A pedestrian gazes at information of Tokyo's Nikkei Stock Average during an afternoon trade session and other global markets in Tokyo.
A pedestrian gazes at information of Tokyo's Nikkei Stock Average during an afternoon trade session and other global markets in Tokyo. PHOTO: EPA

SINGAPORE - Asian markets opened lower following disappointing earnings from American tech giants Amazon and Twitter.

The Straits Times Index was down 0.87 per cent, shedding 29.26 points to 3325.5 at about 11.40am.

The Singapore market sag was in line with other Asian markets.

Sydney fell 1.3 per cent, Hong Kong shed 0.7 per cent while Tokyo was lower by 0.4 per cent.

Dragged down by technology shares, the Nasdaq lost 40 points, or 0.63 per cent.

Twitter shares were hammered after the company reported no gain in its user base in the past quarter, at 328 million monthly active users.

It reported a net loss of US$116 million (S$157.5 million) in the second quarter, slightly wider than its US$107 million loss for the same period last year.

Amazon reported that profit for the second quarter plunged 77 per cent, although its revenue grew 25 per cent from last year to US$38 billion.

The company attributed the fall to spending for the long-term future, which would include infrastructure and warehouse investments.

The world's largest online retailer has been expanding rapidly into new shopping categories and countries, including Singapore.

On Thursday, it announced its two-hour delivery service Prime Now in Singapore, as part of its expansion into South-east Asia.

In Singapore, among the market movers were Singapore Airlines and the local banks.

The airline company reported a return to profit this quarter after a surprise loss in the previous quarter.
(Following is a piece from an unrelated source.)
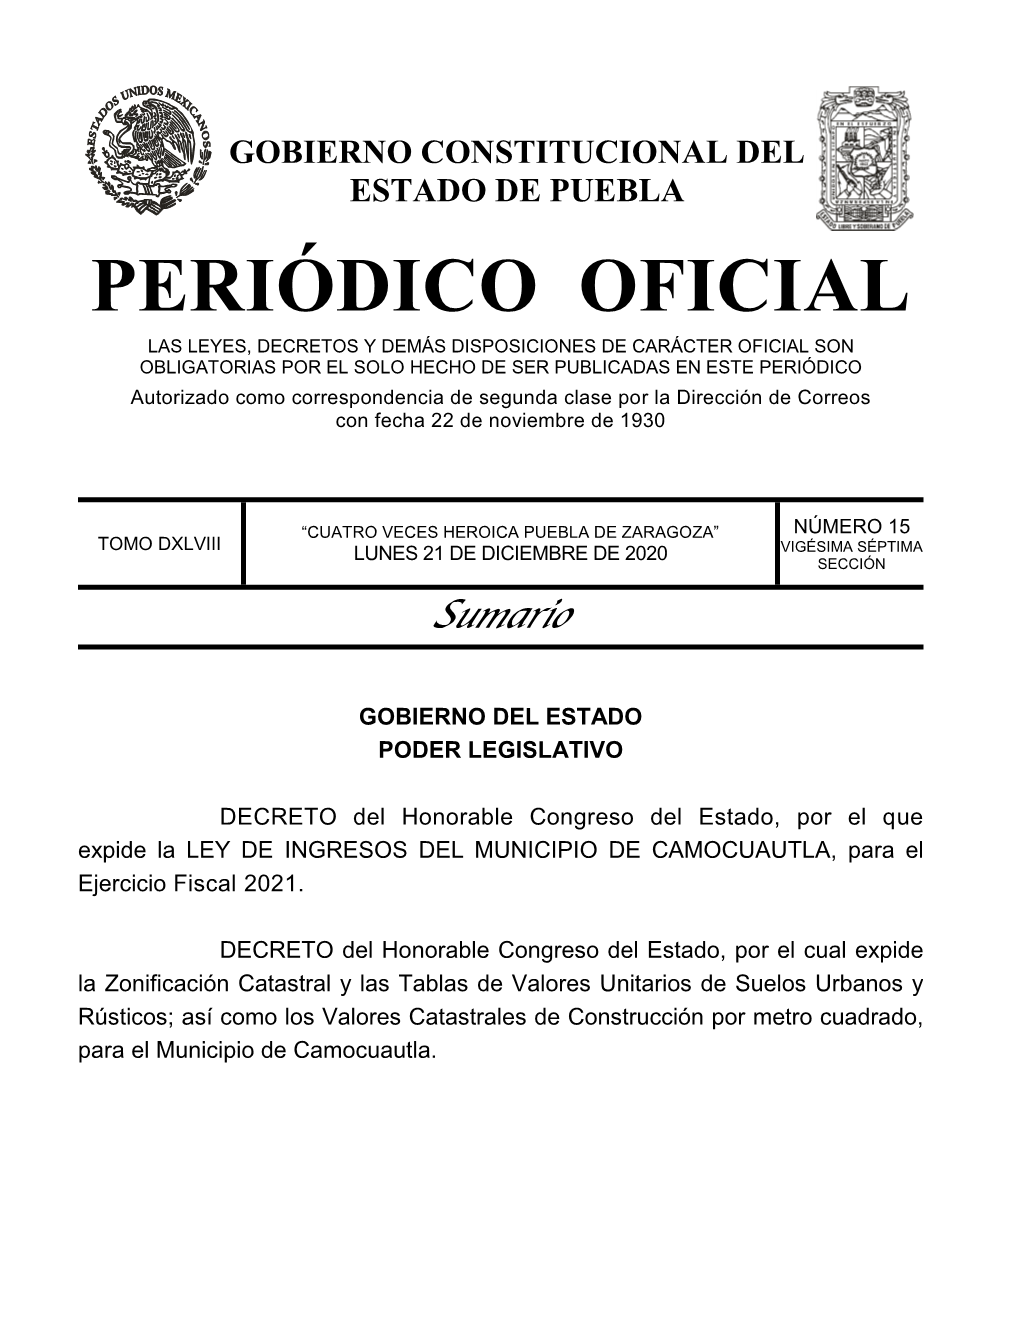 LEY DE INGRESOS DEL MUNICIPIO DE CAMOCUAUTLA, Para El Ejercicio Fiscal 2021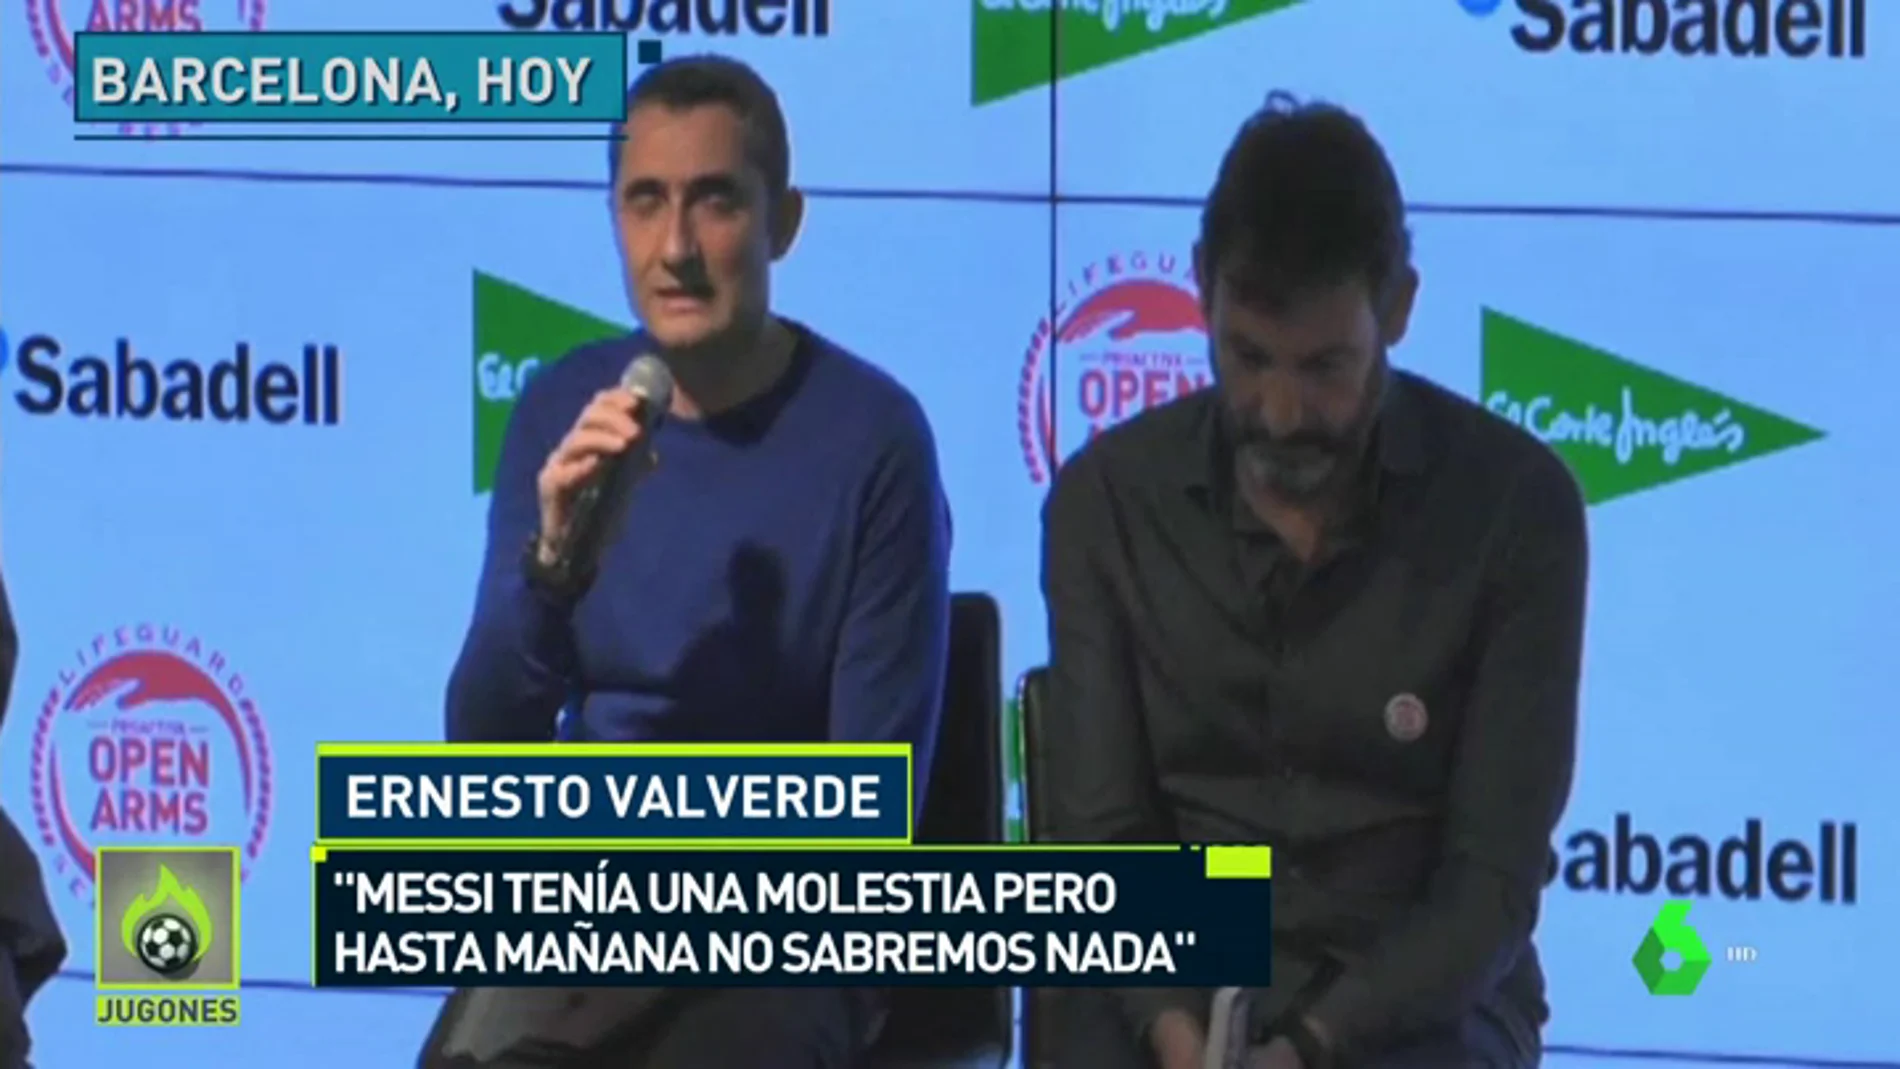 Valverde: "Messi tiene pequeñas molestias, pero nada importante. Estoy tranquilo"

It rose 1.18 per cent, or 12 cents, to S$10.27.

While UOB grew its second quarter net-profit by 5.5 per cent, its shares were down in the morning by 2.28 per cent to S$24.04. DBS shares also edged downwards by 2.34 per cent to S$21.73.

CMC Markets analyst Margaret Yang said that investors were watching for the United States' GDP figures on Friday evening.

"The US dollar index rebounded last night as the euro retraced from its three-year high due to profit-taking activities. If tonight's GDP data shows strength in the US economy, the dollar could be supported, and set for a rebound," she said.